On embedded and real time systems, the situation is different:
Dynamic allocation of memory may be non-deterministic, depending on the underlying operating system. Fragmentation of the dynamic memory pool can lead to a slower system responsibility over time or even worse to “out of memory” exceptions, even if there is enough memory available.
A conservative approach in designing real-time systems is not to use dynamic memory at all. But there are also other possibilities to implement such systems.
C++ Memory Spaces
First let us have a look at the memory usage in C++:
In C++ memory can be regarded as being divided into three parts. There is static memory, automatic variables and dynamic memory.
- Static memory allocation refers to the process of allocating memory at compile-time before the associated program is executed. The actual allocation of addresses to variables is performed by the embedded software development toolkit.

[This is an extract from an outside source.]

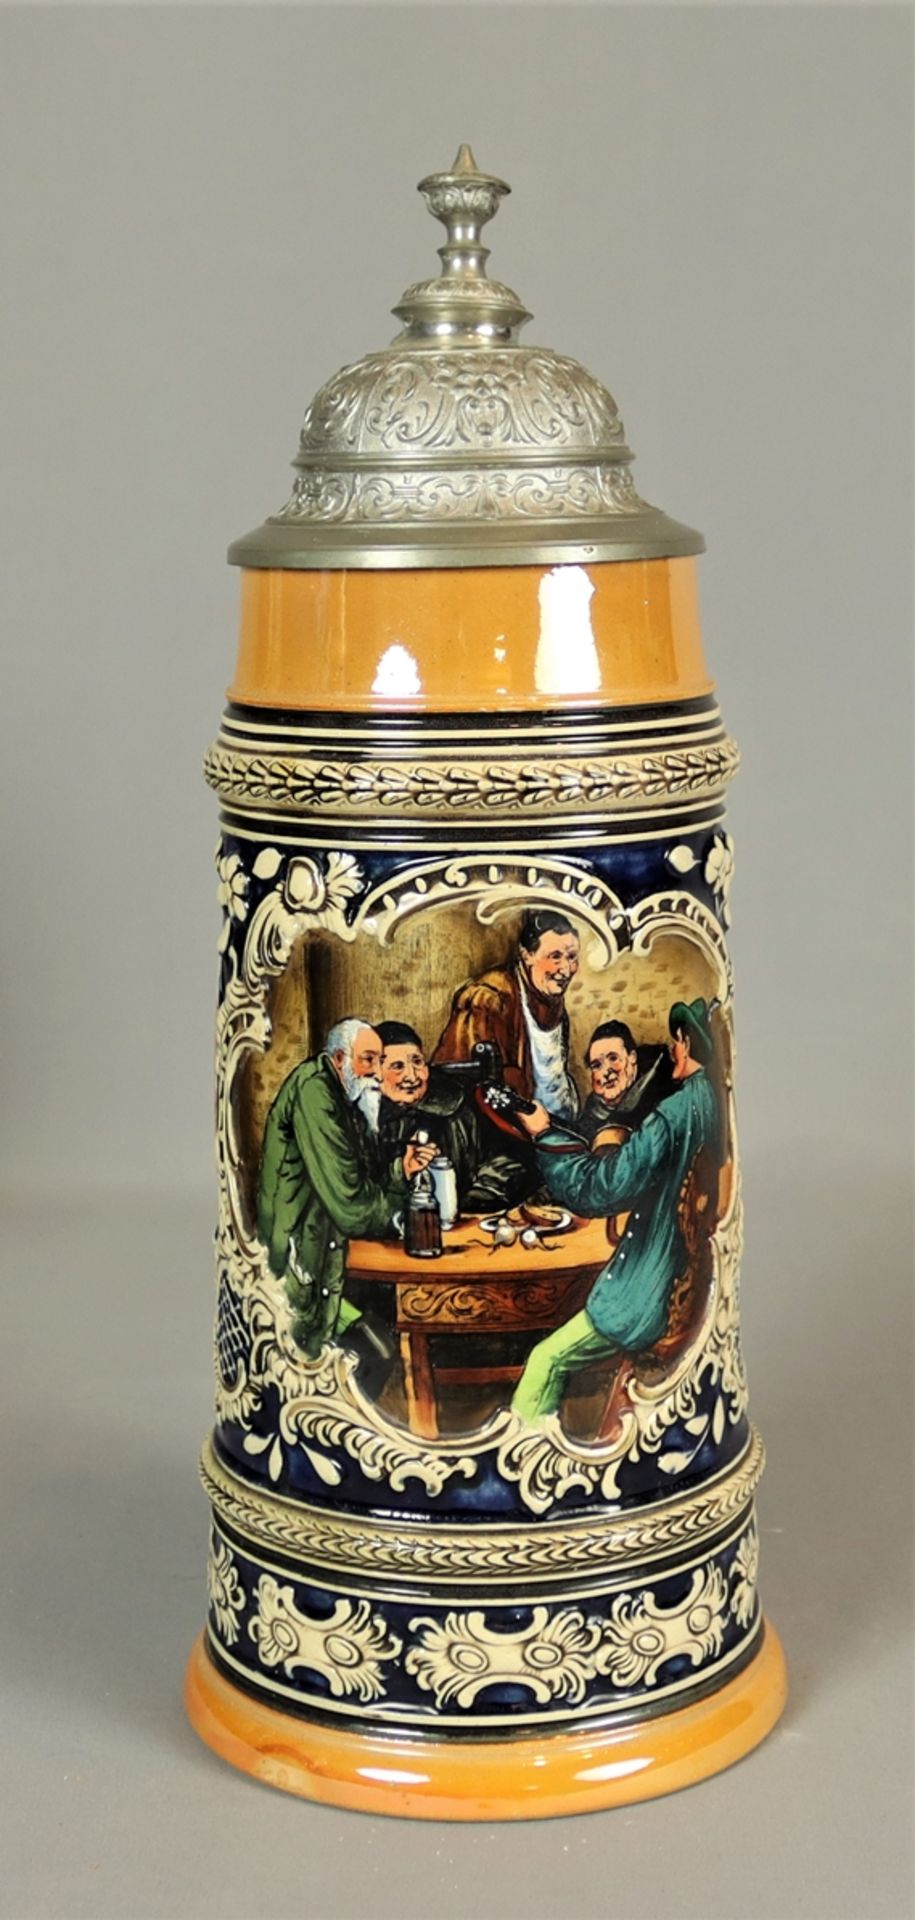 Großer Bierkrug um 1900, Majolika ohne Marke, heller Scherben, farblich gestaltet, Korpus facettier

- All variables declared within a block of code are automatic by default. This means they are allocated and de-allocated automatically when the program flow enters and leaves the variable’s scope. Automatic variables are stored on the stack.
- Dynamic memory is allocated from the heap. The two key dynamic memory functions are new and delete. The allocation and deletion of memory are non-deterministic operations on most operating systems. Depending on the dynamic memory allocation strategy we may observe a degradation of performance over time due to fragmentation issues.
Static memory should not cause any run-time problems. Automatic variables shouldn’t be a problem either, unless the stack size is too small and a stack overflow occurs.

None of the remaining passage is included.